Должно быть, Нката это понял, потому что, порывшись в кармане брюк, извлек на свет карамельку «Опал-фрут». Не говоря ни слова он протянул ее Линли и поискал другую для себя. Они молча развернули леденцы. А сзади, за их спинами, в брошенном доме продолжалась работа подразделения криминалистов.
— Возможны три мотива, — проговорил Линли. — Но только один из них выглядит достаточно убедительно. Можно утверждать, что все это дело — провалившаяся попытка увеличить тиражи «Сорс».
— Едва ли провалившаяся, — заметил Нката.
— Провалившаяся в том смысле, что в намерения Дэниса Лаксфорда не могло входить убийство ребенка. Но если принять за основу эту версию, мы все равно должны докопаться, почему он это сделал. Не стоял ли Лаксфорд на грани увольнения? Не отхватил ли другой бульварный листок часть их рекламы? Какие события в его жизни могли подтолкнуть его к похищению?
— Может быть, оба эти обстоятельства, — предположил Нката. — И сложности с работой, и уменьшение доходов от рекламы.
— Или же оба преступления — и похищение, и убийство были задуманы Ив Боуин, чтобы оказаться в центре внимания и стать объектом всеобщего сочувствия.
— Ну, это уж слишком, — усомнился Нката.
— Да, слишком. Для обычной женщины. Но она — политик. И хочет стать премьер-министром. Она уже на скоростной магистрали, но, может быть, ей не терпится поскорее добраться до цели. Она подумала, как бы ей срезать угол, и ответом стала ее дочь.
— Для этого нужно быть не женщиной, а чудовищем. Это противоестественно.
— А разве она показалась тебе естественной?
Нката задумчиво сосал свой леденец.
— Тут надо вот что учитывать, — наконец сказал он. — Белые женщины, я с ними дел не имею. Черная женщина честно говорит, что она хочет и когда… И даже как — да, да, она даже скажет мужчине, как. Но белая женщина? Нет, белые женщины — это тайна. Белые женщины мне всегда казались холодными.
— Ну, а Ив Боуин? Казалась она тебе холоднее, чем другие?
— Казалась. Но, с другой стороны, эта холодность, возможно, определяется ее положением. Все белые женщины, на мой взгляд, холодны как лед к своим детям. Так что, если хотите знать мое мнение, она была как раз такой, какой и должна быть.
Пожалуй, подумал Линли, это более точная оценка госпожи младшего министра, чем его собственная.
— С этим я согласен.

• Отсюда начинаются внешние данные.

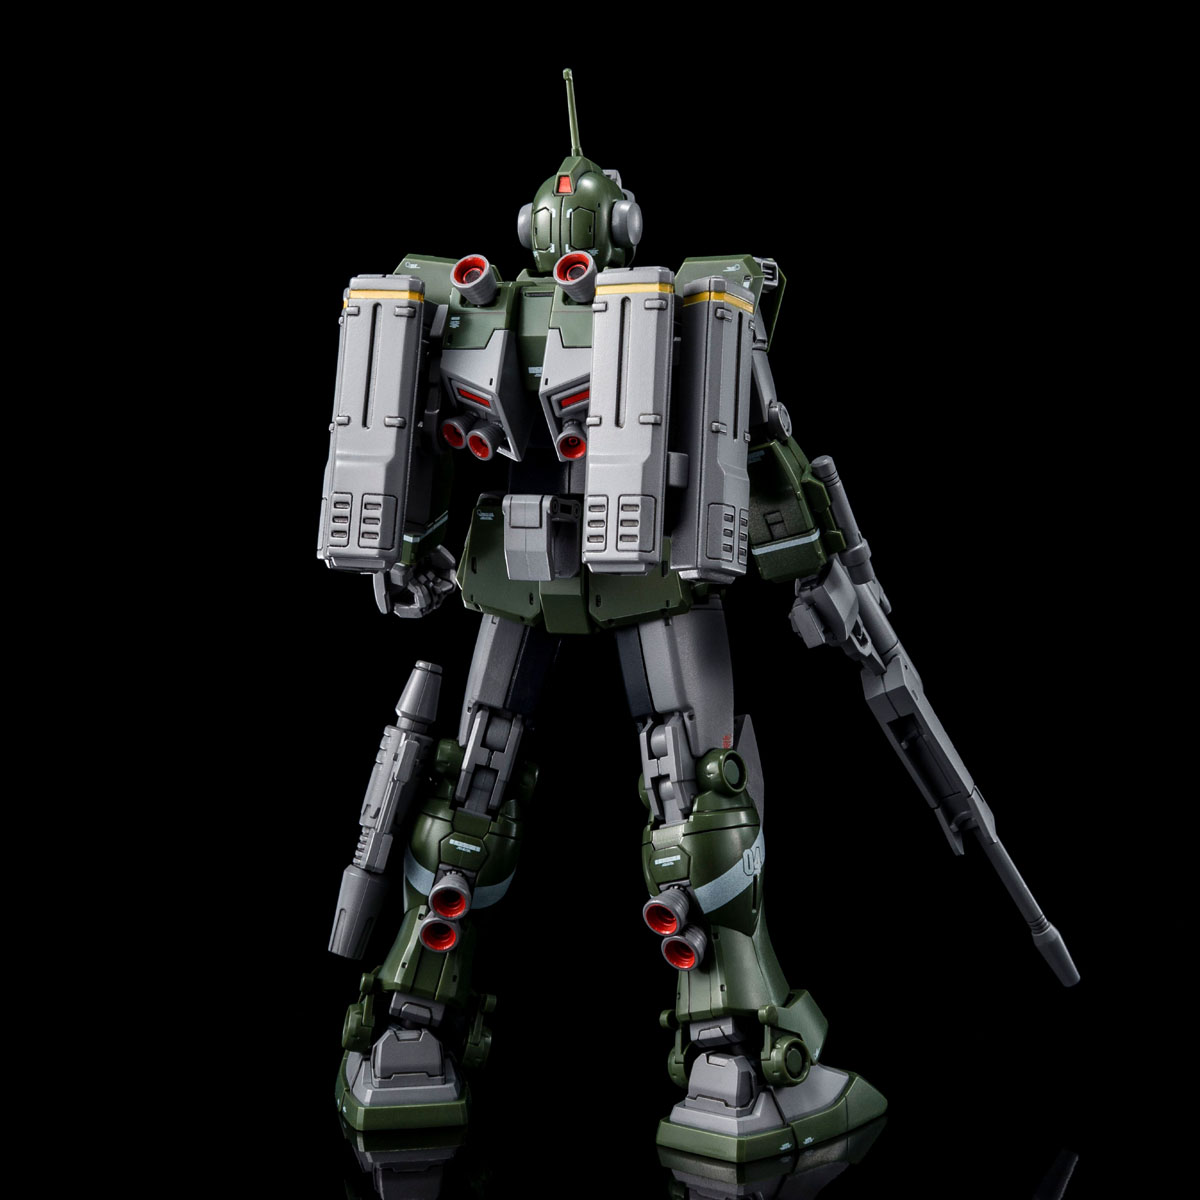 HG 1/144 GM SNIPER CUSTOM (with MISSILE LAUNCHER)

И в результате остается мотив номер три. Кто-то поставил себе цель отстранить миссис Боуин от власти. Как она и подозревала с самого начала.
— Кто-то, кто был в Блэкпуле, когда она развлекалась с Лаксфордом, — добавил Нката.
— Кто-то, кто рассчитывает выиграть от ее падения, — уточнил Линли. — Ты уже проверил прошлое Вудворта?
— Следующий пункт в моем списке, — сообщил Нката.
— Займись этим, — Линли выудил из кармана ключи от машины.
— А вы сами?
— Я хочу нанести визит Элистеру Харви. Он из Уилтшира, его никак не назовешь другом Боуин, и он был в Блэкпуле на той конференции тори.
— Вы думаете, он тот, кто нам нужен?
— Он политик, Уинстон, — сказал Линли.
— Разве это не мотив?
— Несомненно, — ответил Линли. — И почти для всего.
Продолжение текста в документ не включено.